One.Tel closely followed the failure of HIH Insurance and Impulse Airlines.

That's a disaster 10 times bigger than TWA-800 going down outside New York just after take-off in 97, and they are still fishing out pieces. Just because it is in glorious slow motion - taking a decade, not a minute to unfold - doesn't mean we shouldn't still be as concerned with businesses going down as with aircraft crashes. People lives are destroyed and assets lost just as thoroughly in both types of crashes.

The government and professional bodies should be just as concerned with these outcomes and ensuring they can never happen again.

# How do you work with a "World's Greatest ..."

My style has been described as "Straight Up the Middle, with lots of smoke and noise."

My only response is to recognise an intractable situation early and leave as quickly as you can. A luxury I can afford, having no dependants and a low level of debt.

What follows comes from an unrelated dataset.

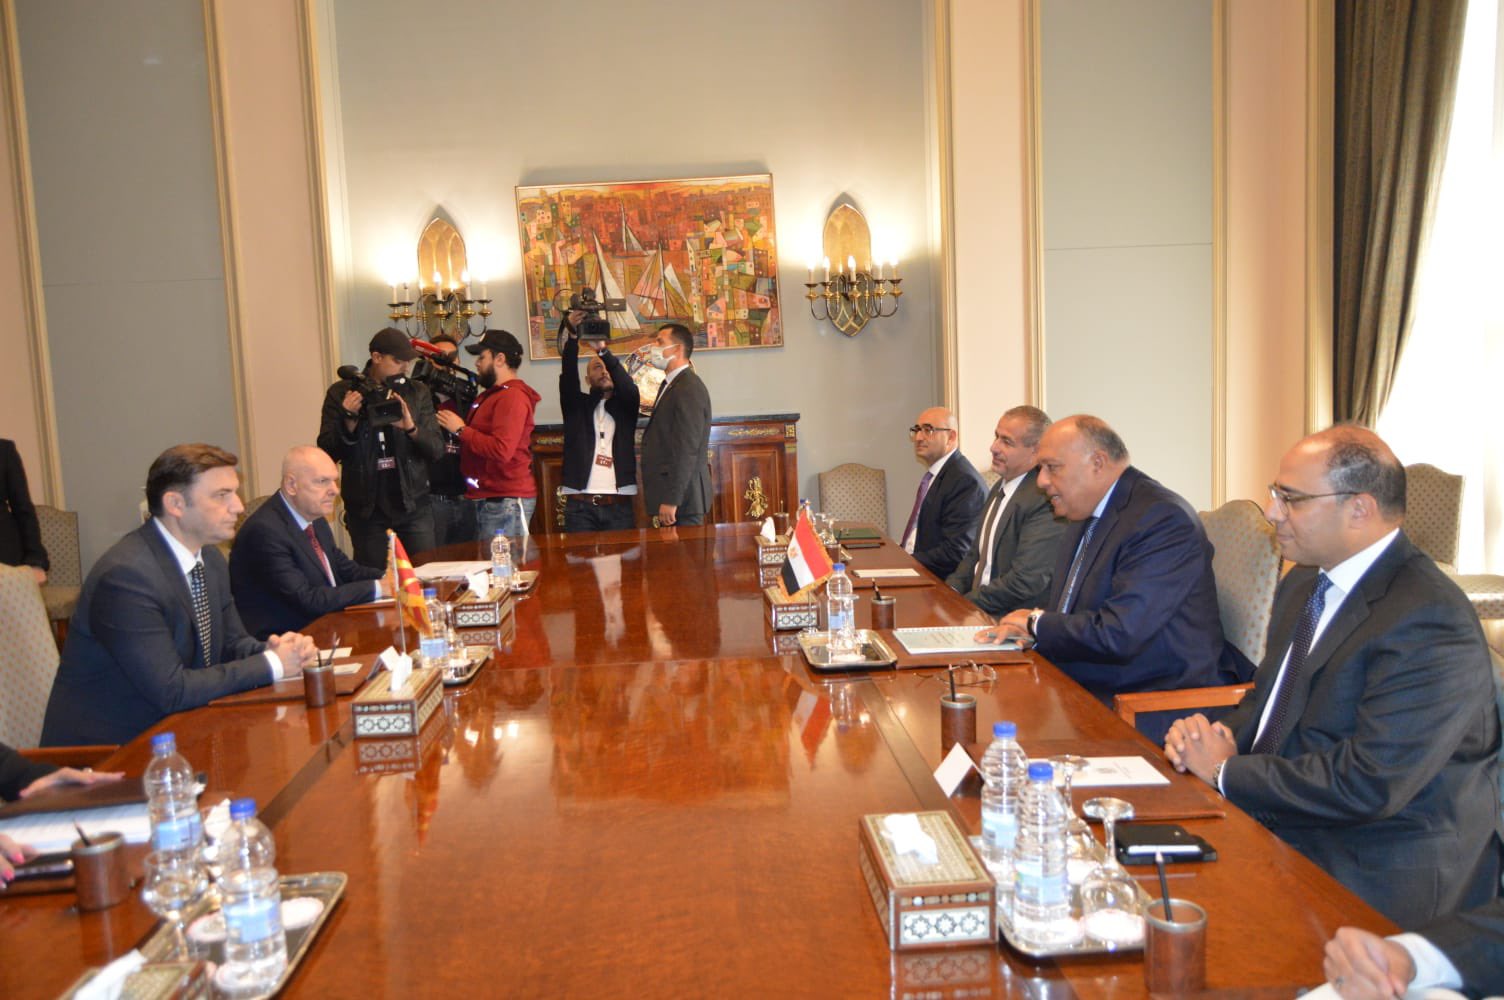 جلسة مباحثات موسعة بين وزيري خارجية مصر ومقدونيا الشمالية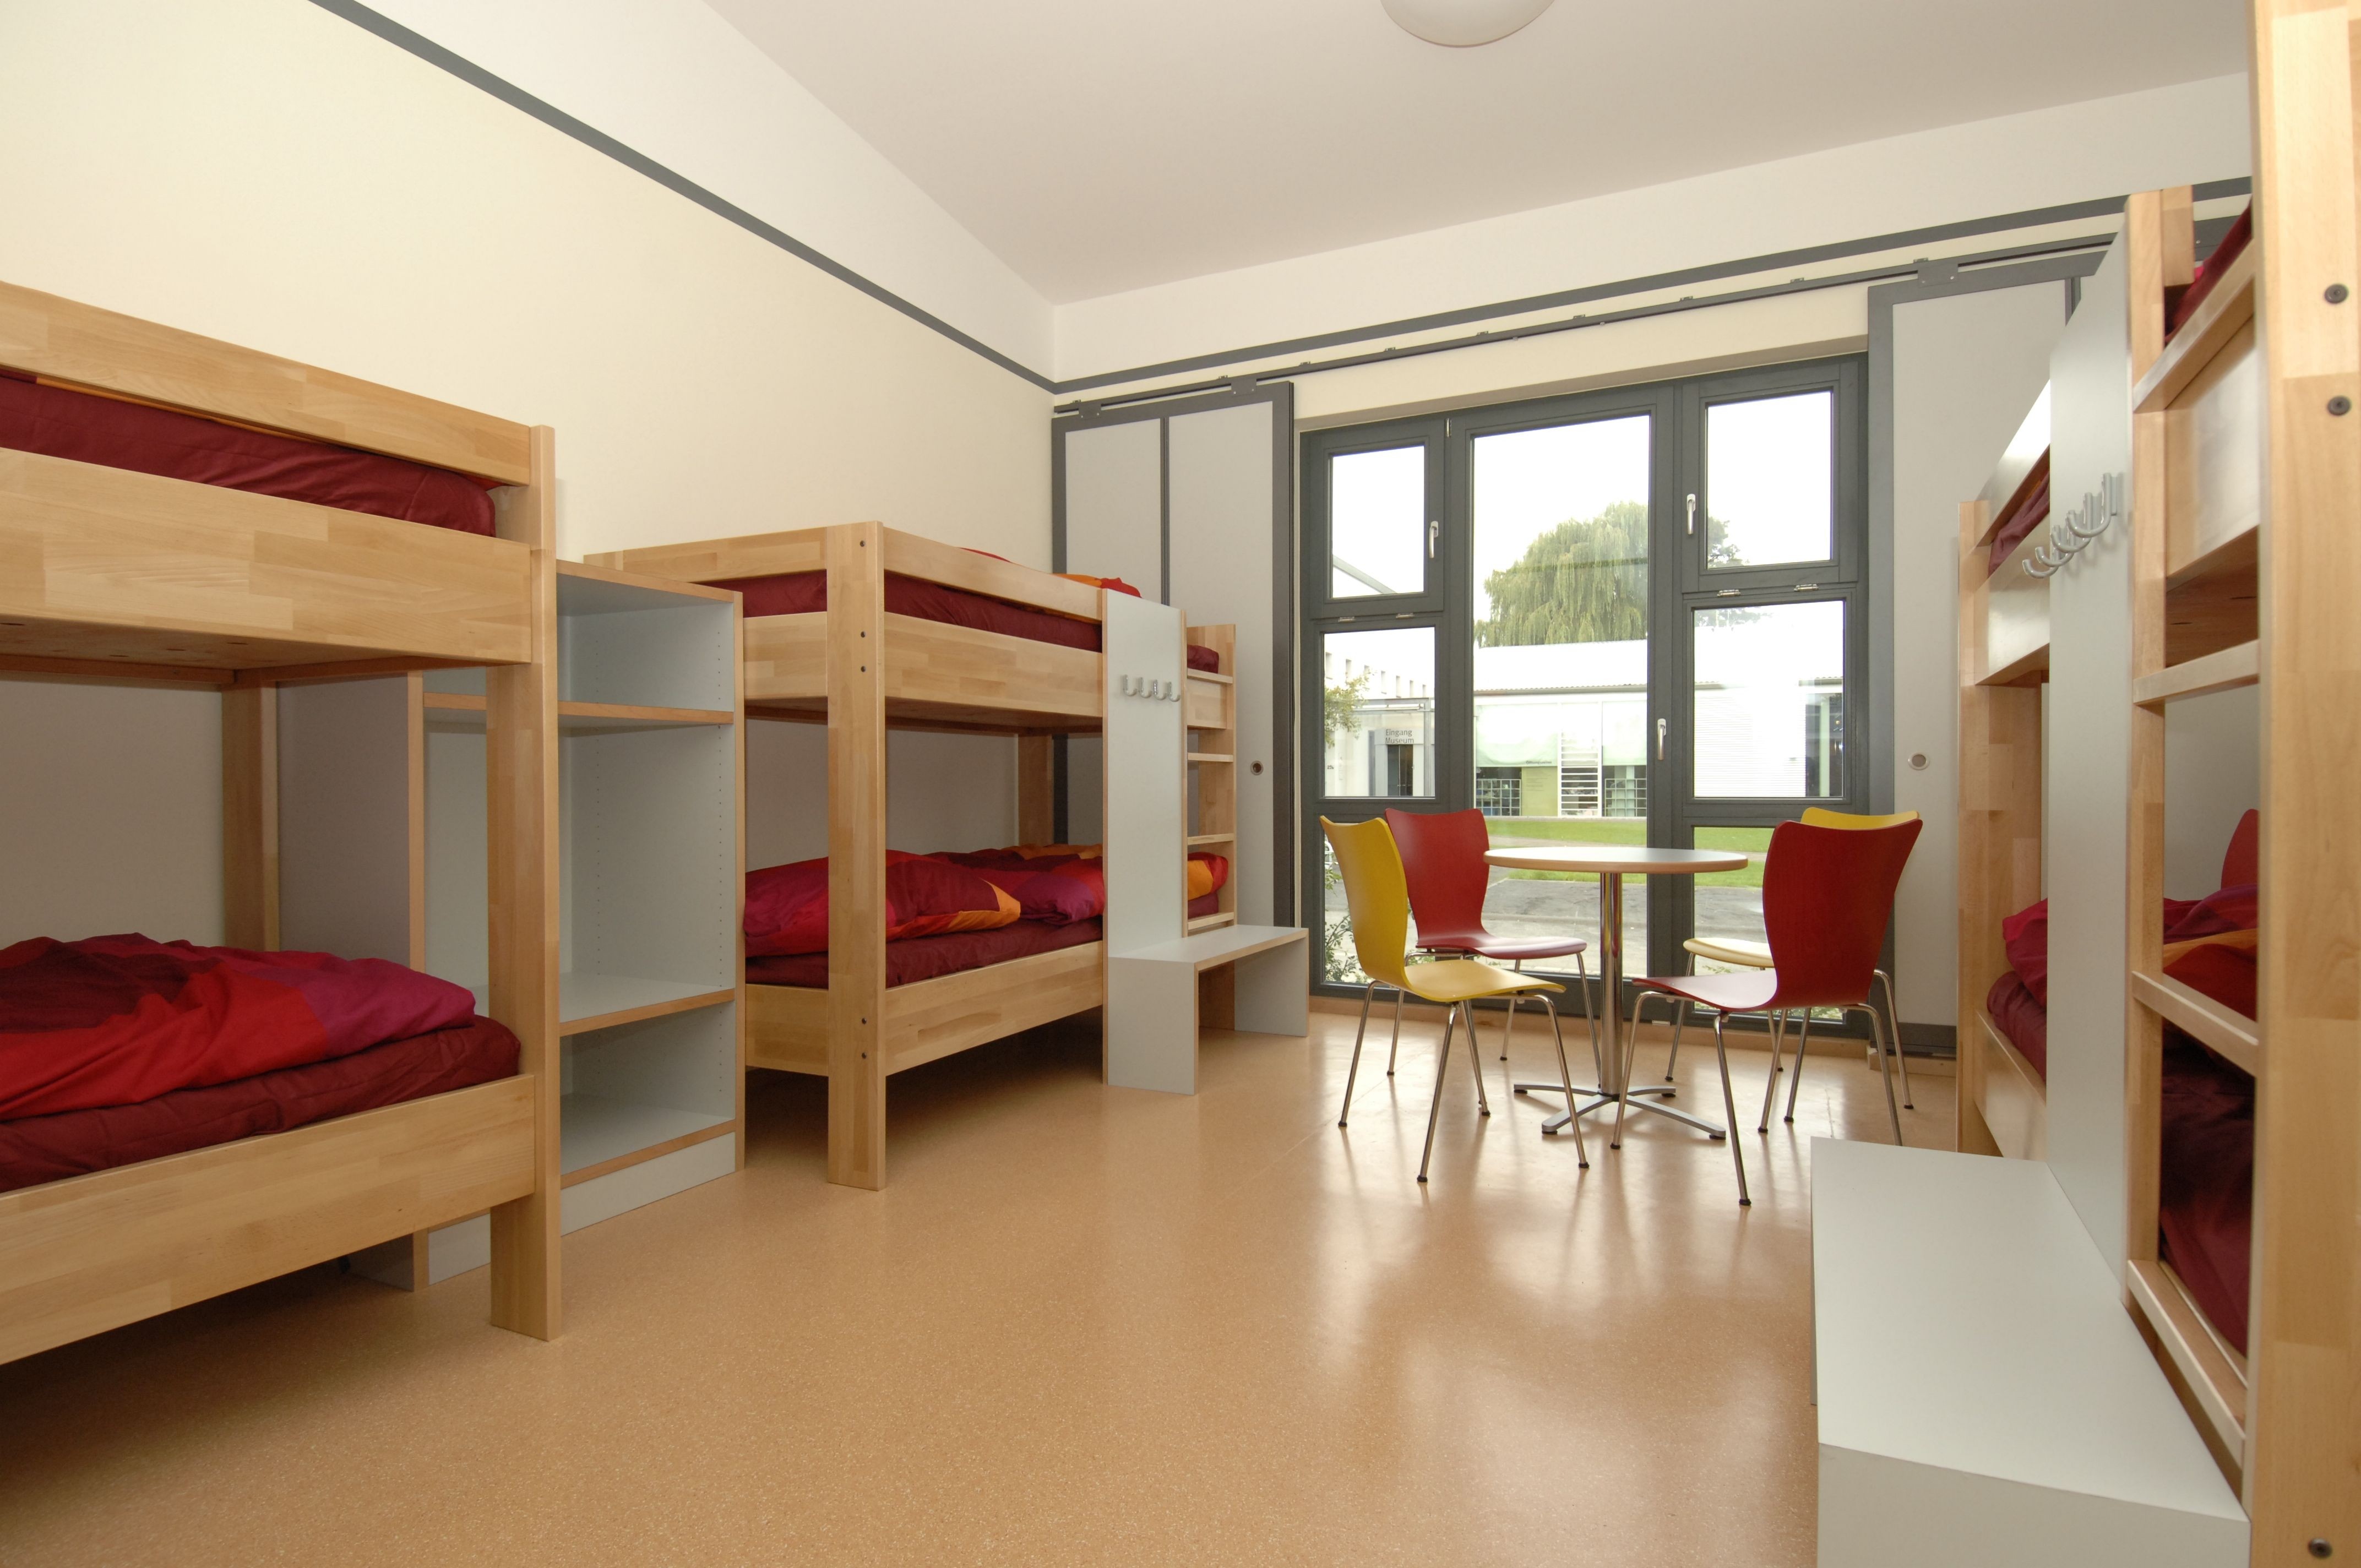 Die Schlafräume, hier ein Sechsbettzimmer, sind funktional und harmonisch eingerichtet.

# Some "Good Stuff" I learnt from friends.

• Know what's important. Focus on that, ignore the trivia.
• Practice - Order, Discipline, Rigour.
• The job isn't done until your records are up to date.
• Professionals do for $100k what anyone can do for$1M.
• Remember Good Ways to do things when you see them.
• ASK other people - what works? What doesn't.
• STANDARDISE. Make it so they is just one way things happen.
• Be prepared to work odd hours to not impact your users.
• Clean up as you go.
• The details are important.
• DON'T accept a job you can't do.
• Be Proactive, not Reactive.
• Practice 'Root Cause Analysis' - fix faults and processes, not just
symptoms.
• You have to stay on the leading edge. This takes lots of time and experimentation.
• There is NO substitute for ability, experience, and general knowledge.
• Aim for 100% reliability. Know what you have to do to achieve it.
• If you make Rules, apply them without exception.
You may get called The Network Nazi, but it will all work and you will be respected.
• Be personally flexible when dealing with users. Meet their needs, not just their expressed desire. This may involve some education.
• Let users know what's happening.
• Protect your staff from the vicissitudes of Management.
• Freeware is FINE. If it meets the need, use it.
• Know and Explore your tools.

# Some of the WGSA's work

Here is a [longish] list of some of the wonderful technical and process problems I came across. Remember this was a largish, not huge, enterprise. There were only 75 Unix hosts, a thousand or so users [total], and a network that went to less than 100 sites.

Many of the systems were front-ends to the mainframe or a production system for the business.
The Unix support team was mostly 3 people, sometimes with a manager, sometimes with people doing performance analysis/reporting, or 'implementations' - such as HP Openview [I.T. Operations].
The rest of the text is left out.